Way Too Many College Men Admit to Behavior That Meets Legal Definition of Rape

Impact

Sexual assault on college campuses isn't an epidemic; rather, it's a decades-old problem that we're only now talking about, one entrenched in gendered stereotypes. And according to a study recently published in the journal Violence Against Women, it's a problem that involves too many men. 

Looking at a pool of 379 male volunteers from a southern university, the only one that agreed to be part of the study, researchers resurrected questions from a 1973 survey. They found that 54% of athletes and 38% of the non-athletes used "coercive behaviors — almost all of which met the legal definition of rape" — to get women into bed, the Washington Post reported.

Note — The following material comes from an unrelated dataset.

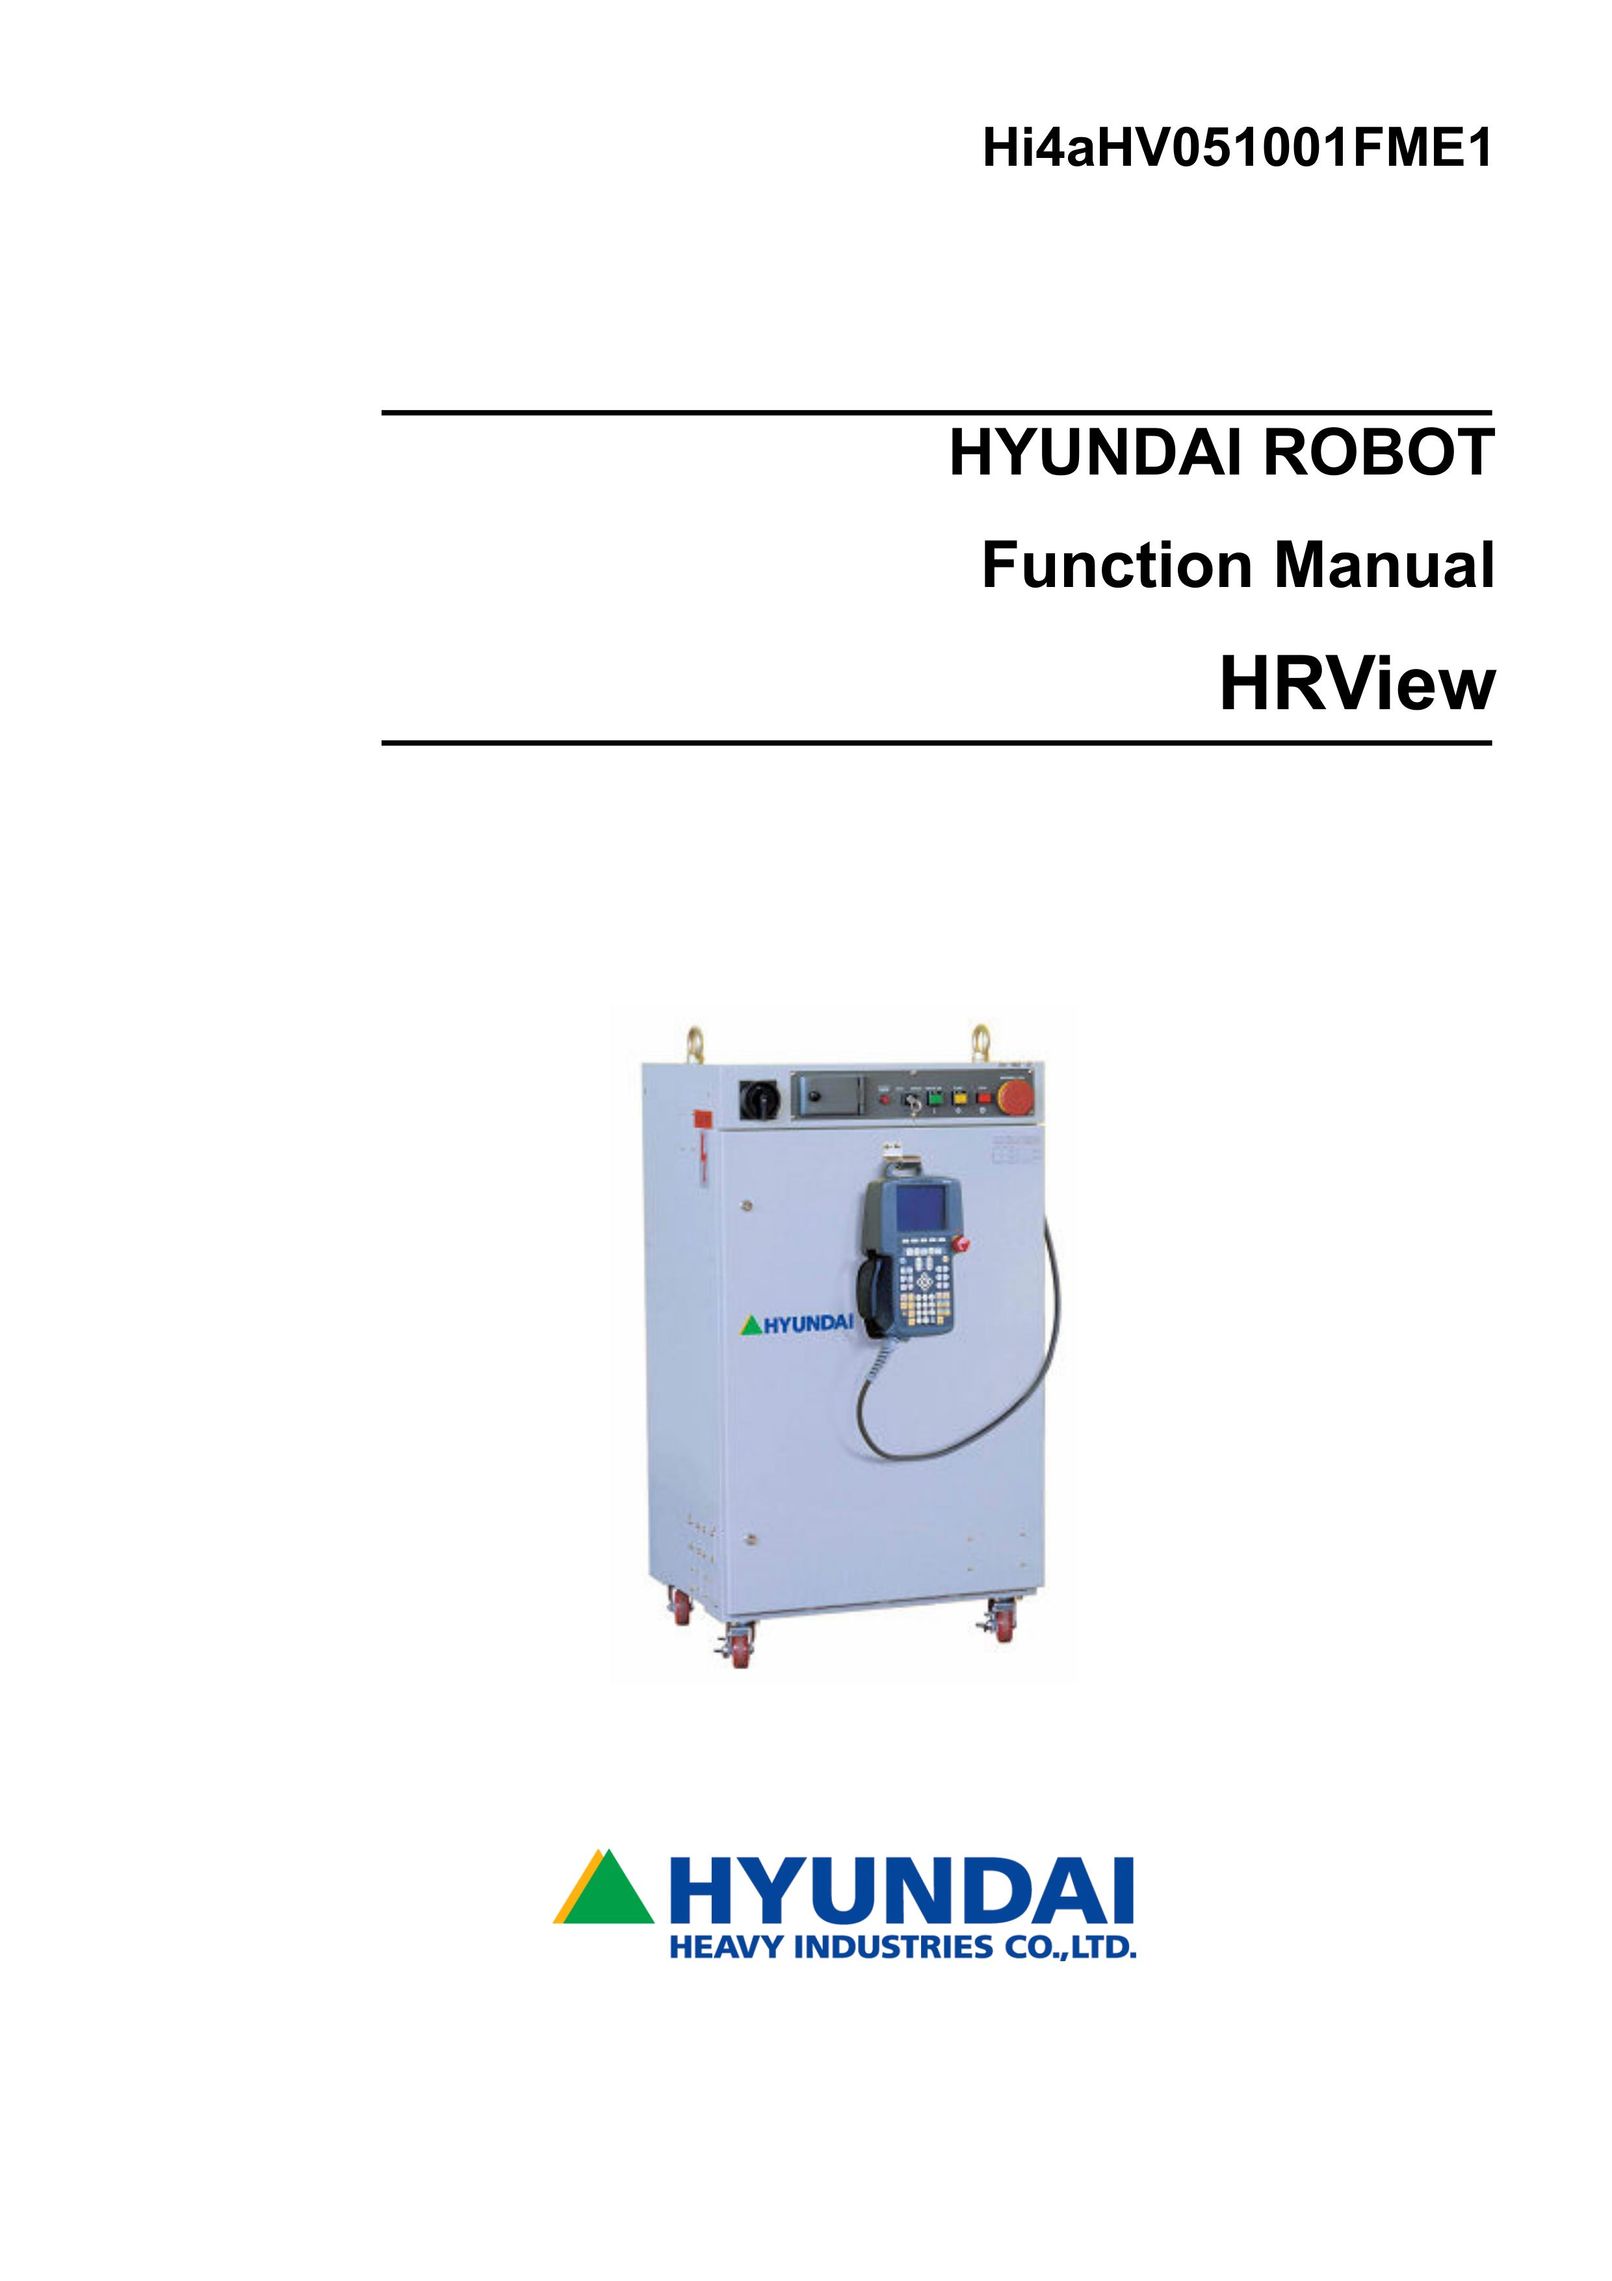 Hyundai Hi4aHV051001FME1 Robotics User Manual

"As high as these numbers are, they may actually under-represent the rates of coercion, since the study relied on self-reported behavior," said Sarah Desmarais, a forensic psychologist at North Carolina State University and one of the study's authors, according to the Independent.

Within isolated athletic communities — 159 of the men surveyed played recreational sports, while 29 were intercollegiate athletes — aggressive behavior and male dominance are lauded, their members largely protected for errant actions. That half the athletes pressured their partners wasn't necessarily unexpected, the researchers said. That so many non-athletes had done the same was more surprising.

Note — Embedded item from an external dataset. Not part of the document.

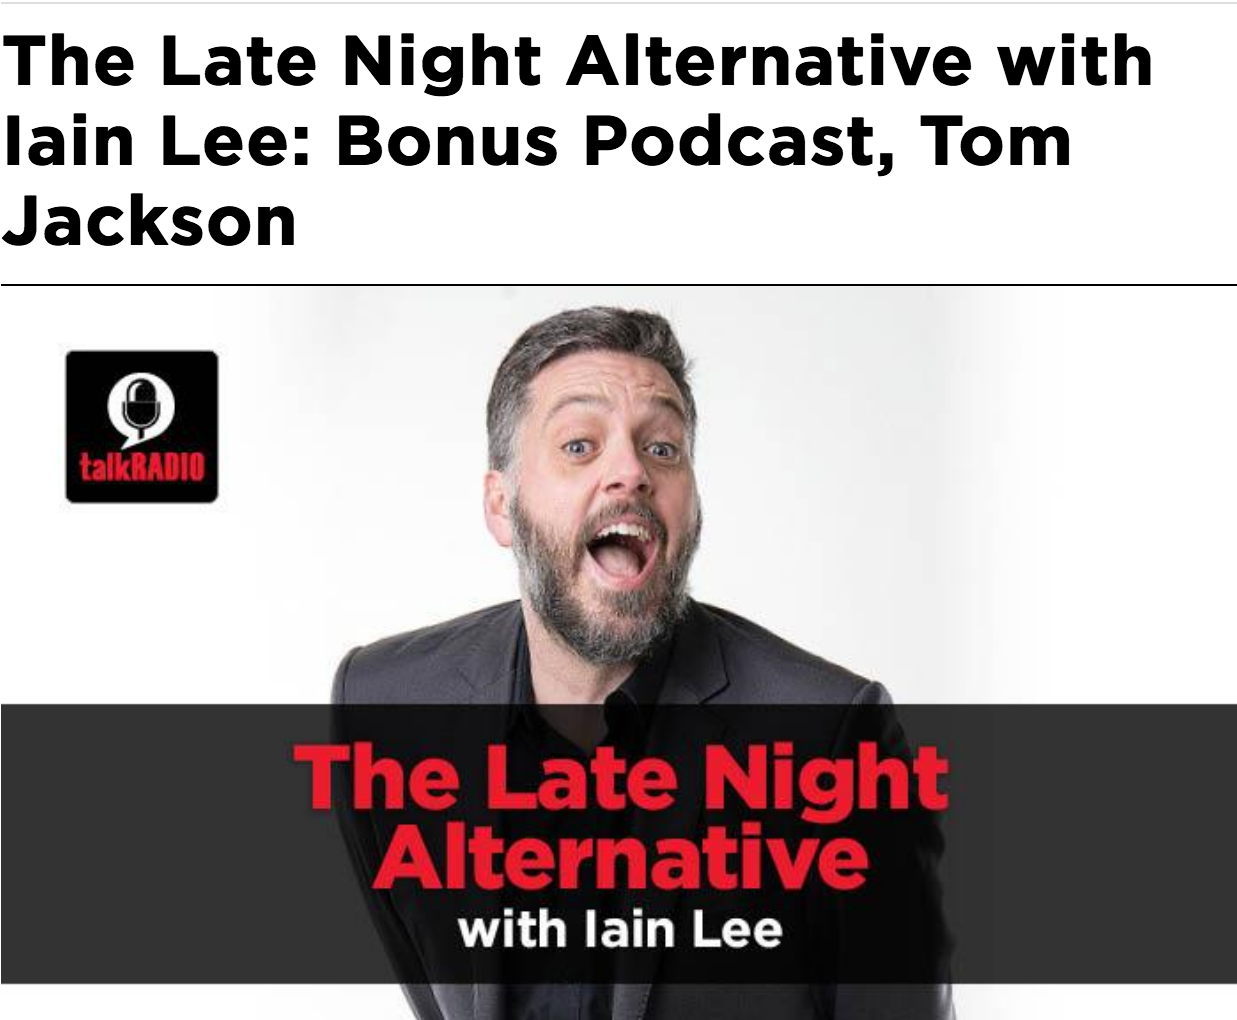 http://talkradio.co.uk/funny/late-night-alternative-iain-lee-bonus-podcast-tom-jackson-17070415859

According to the Post, men who bought into rape myths — that a woman needs to "fight back" in order to make a sex act rape — and into gender roles that cast women as little more than baby-makers were more likely to be sexually manipulative. 

Those men exist outside sports teams, too, and this isn't the first study to suggest men are too comfortable with forcing women into sex. What colleges and universities need to do, the researchers said, is to educate students about gender equality — to teach respect for women as people. Realistically, that education probably needs to start well before college if it's to be effective.